» Collected material
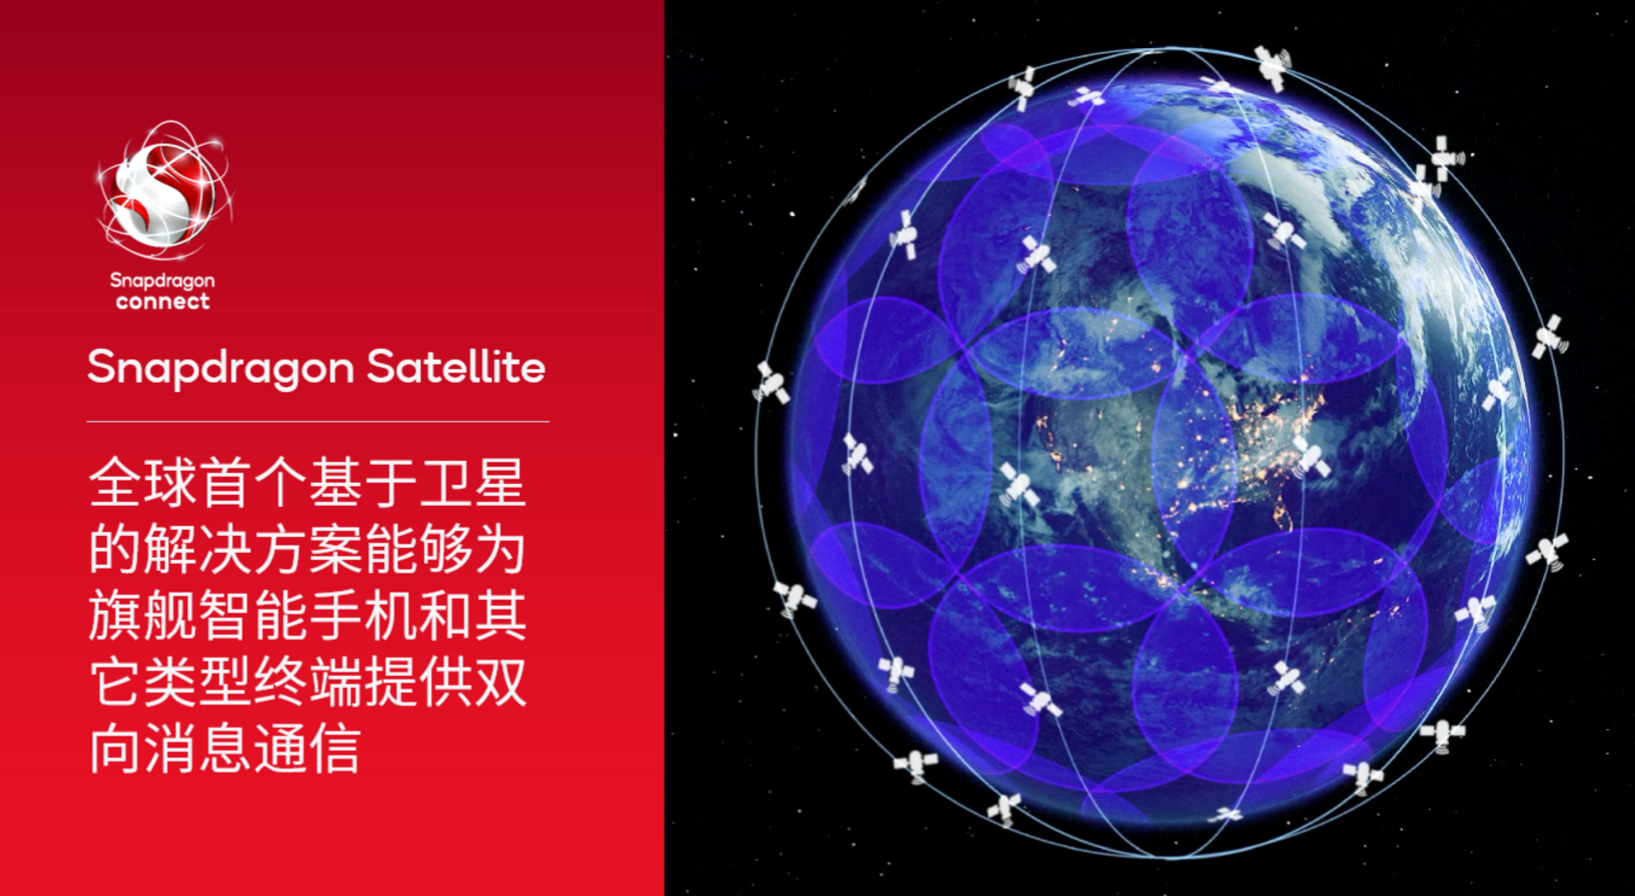 高通推出Snapdragon Satellite——全球首个基于卫星的解决方案能够为旗舰智能手机和其它类型终端提供双向消息通信
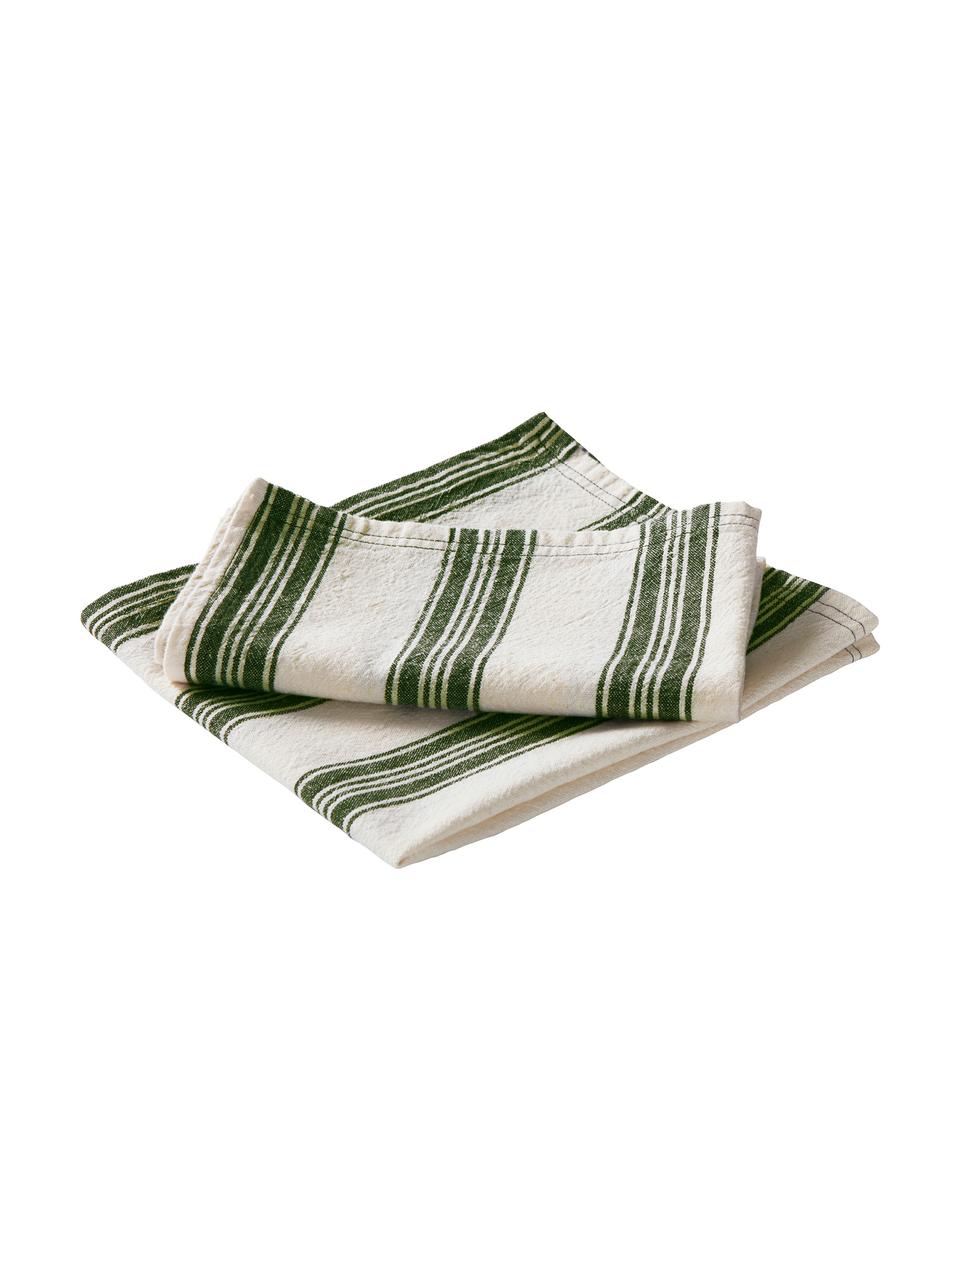 Stoff-Servietten Abigail aus Baumwolle/Leinen, 2 Stück, 80% Baumwolle
20% Leinen, Gebrochenes Weiß, Grün, 45 x 45 cm

» What is needed
Your task is to output the material word for word while leaving out every image.

» Your response
 高通推出Snapdragon Satellite——全球首个基于卫星的解决方案能够为旗舰智能手机和其它类型终端提供双向消息通信
 Stoff-Servietten Abigail aus Baumwolle/Leinen, 2 Stück, 80% Baumwolle
20% Leinen, Gebrochenes Weiß, Grün, 45 x 45 cm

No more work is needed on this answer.